The key to your question is how you determine "lastness" in your rows.
One method is to have a timestamp. Assuming that your timestamp is
accurate to some fraction of a second, it seems reasonable to assume
that no two rows will have the same timestamp. Another method is
to rely on the uniqueness of an auto-incrementing identifier.
This strategy is quite safe, because the numbers will always increase, and,
unless you take steps to circumvent this behaviour, the latest row will
always have the highest identifier. Thus, expecting to receive
rows 13 to 20 is actually okay (assuming there are no gaps in that sequence and
that 20 is the highest value for that UserID -- but we're not going
to retrieve them by number anyway).
Let's rewrite the self-join solution for your situation.

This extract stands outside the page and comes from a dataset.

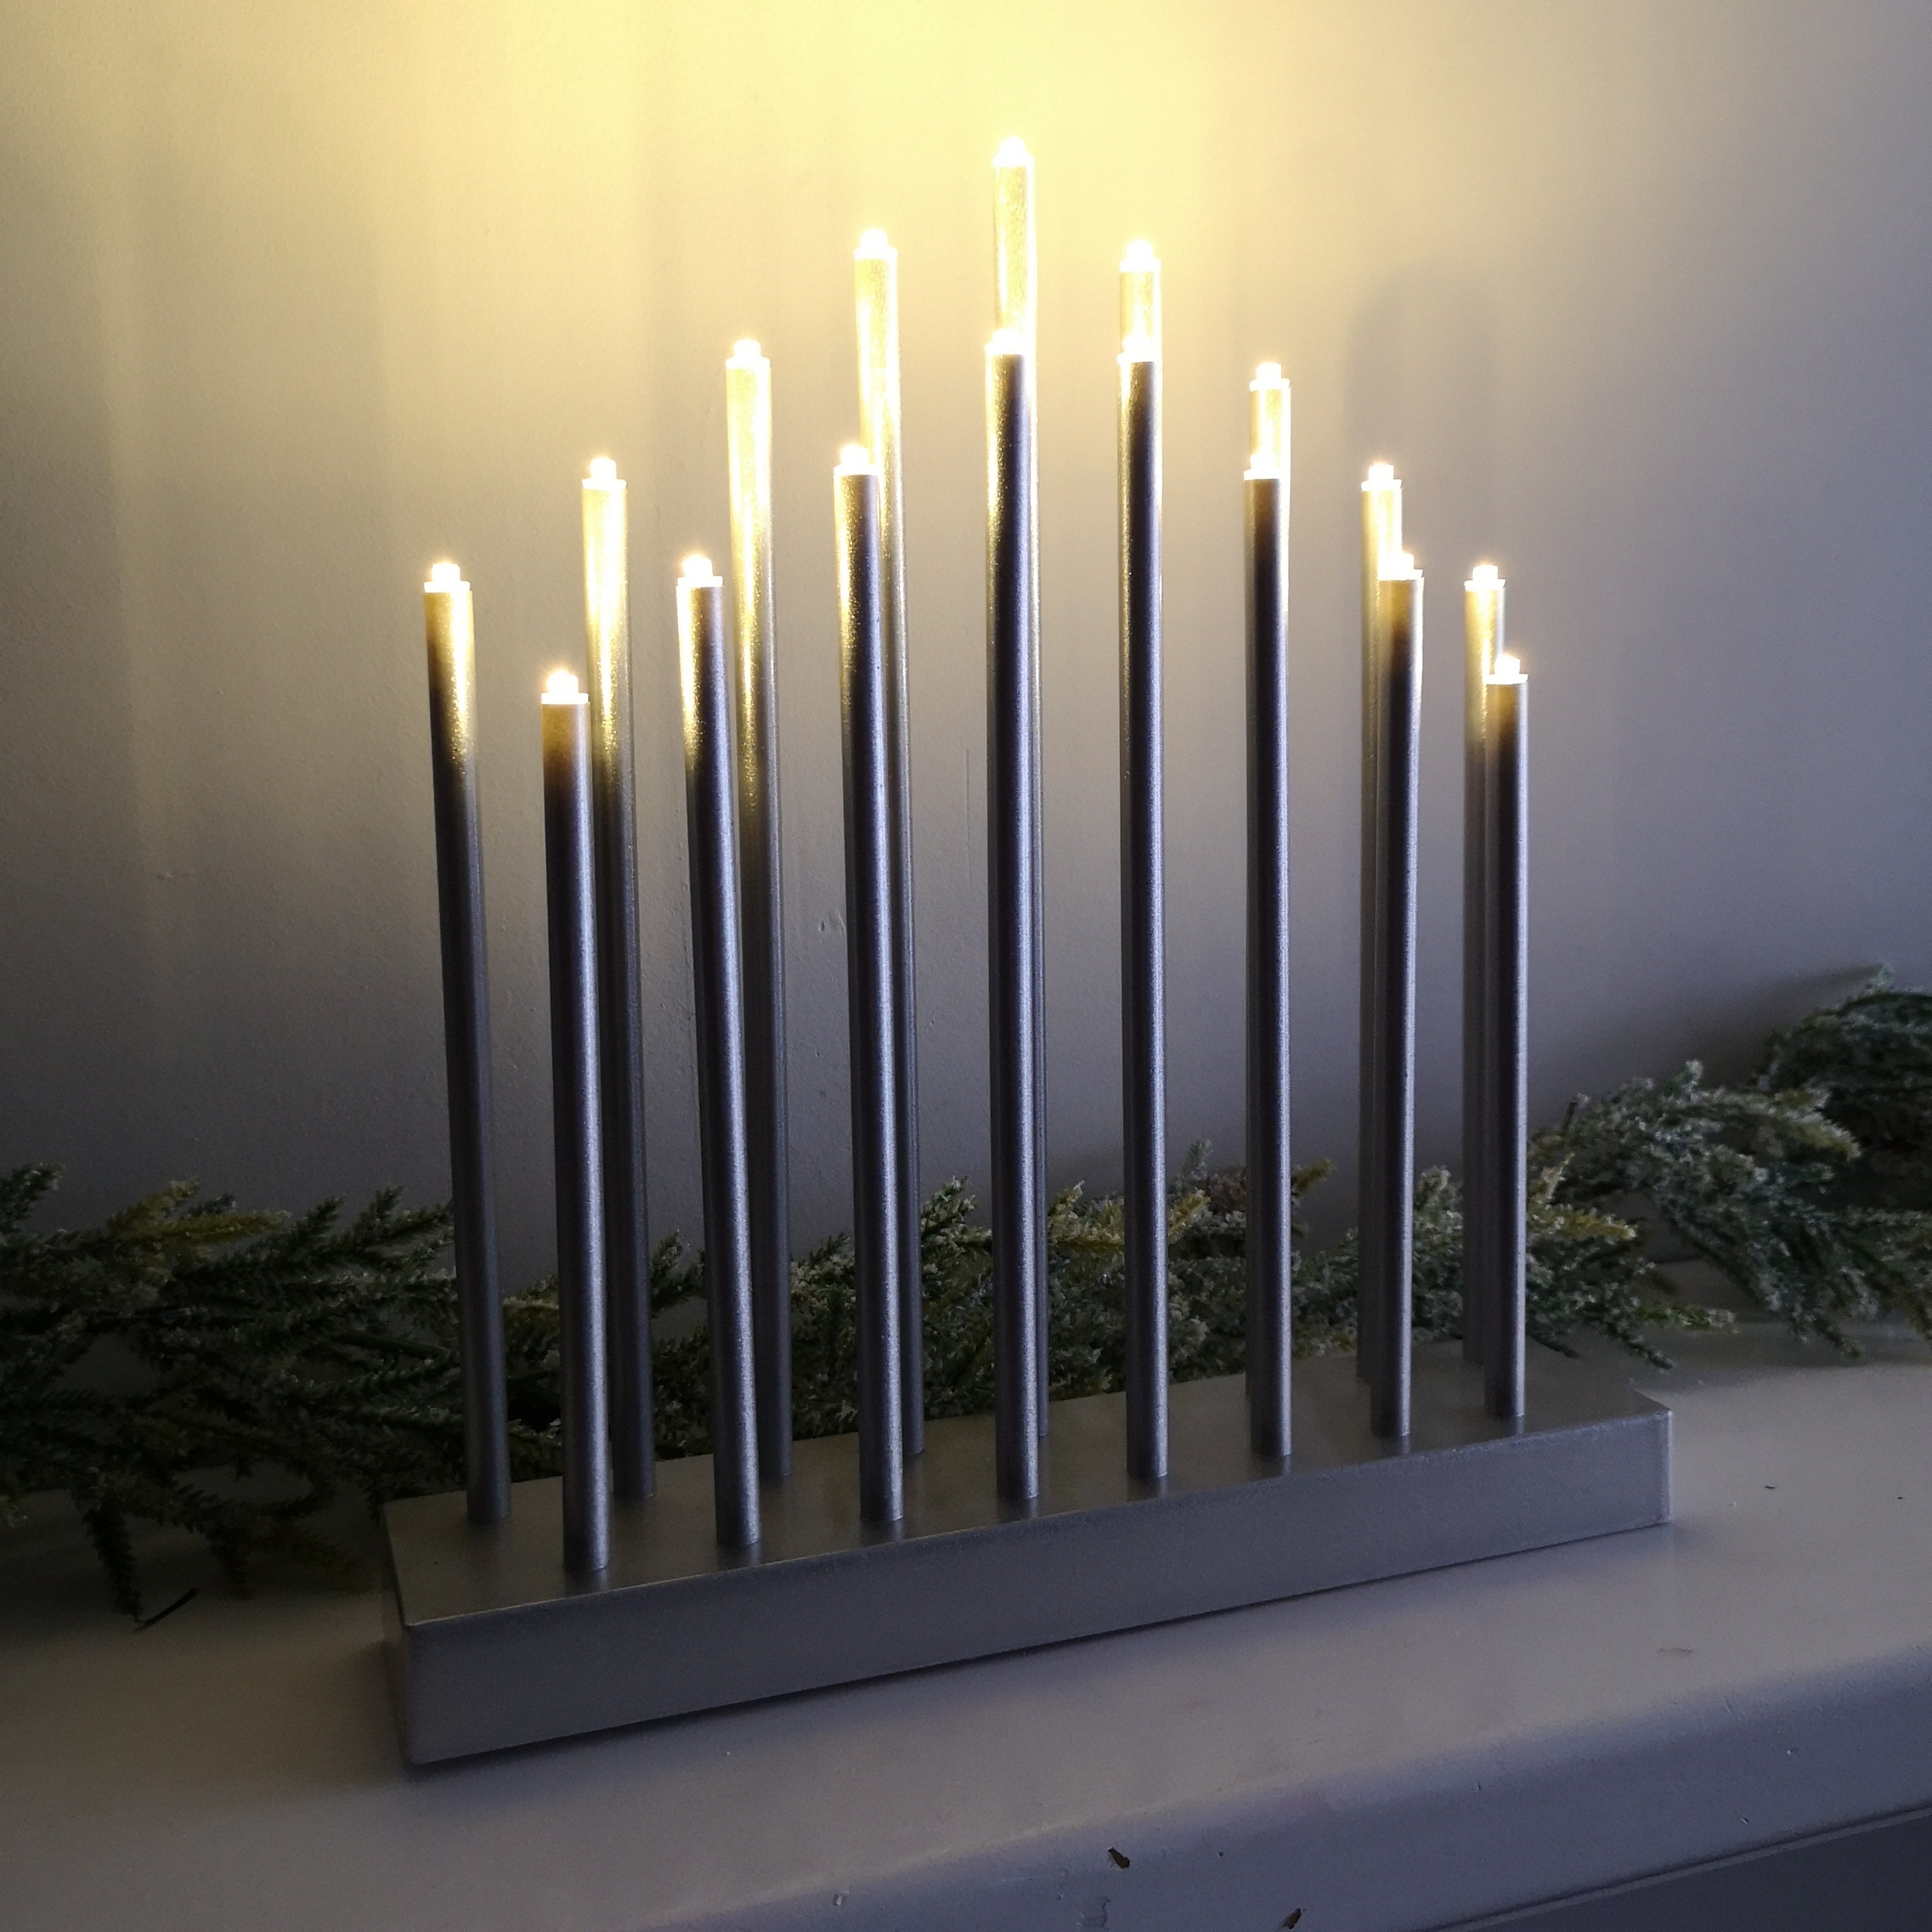 29cm Premier Christmas  Candle Bridge with 17 LEDs & Timer in Silver Battery Operated

Assume the incrementing identifier column is called ID.
select t1.UserID
, t1.id
from yourtable as t1
inner
join yourtable as t2
on t1.UserID = t2.UserID
and t1.id <= t2.id
group
by t1.UserID
, t1.id
having count(*) <= 8
order
by t1.UserID
, t1.id desc
The self-join works like this: join every row (t1) to all the other rows
with the same Userid (t2) which also have an ID that is equal to or
greater. Remember, a greater ID is a later ID!
Now for the tricky part: count the number of rows that have a later ID
than this row's ID, and if this number is less than or equal to 8, then this
row must be within the latest 8. Simple, eh?
Yes, this solution will work even if a particular UserID has only 2 rows.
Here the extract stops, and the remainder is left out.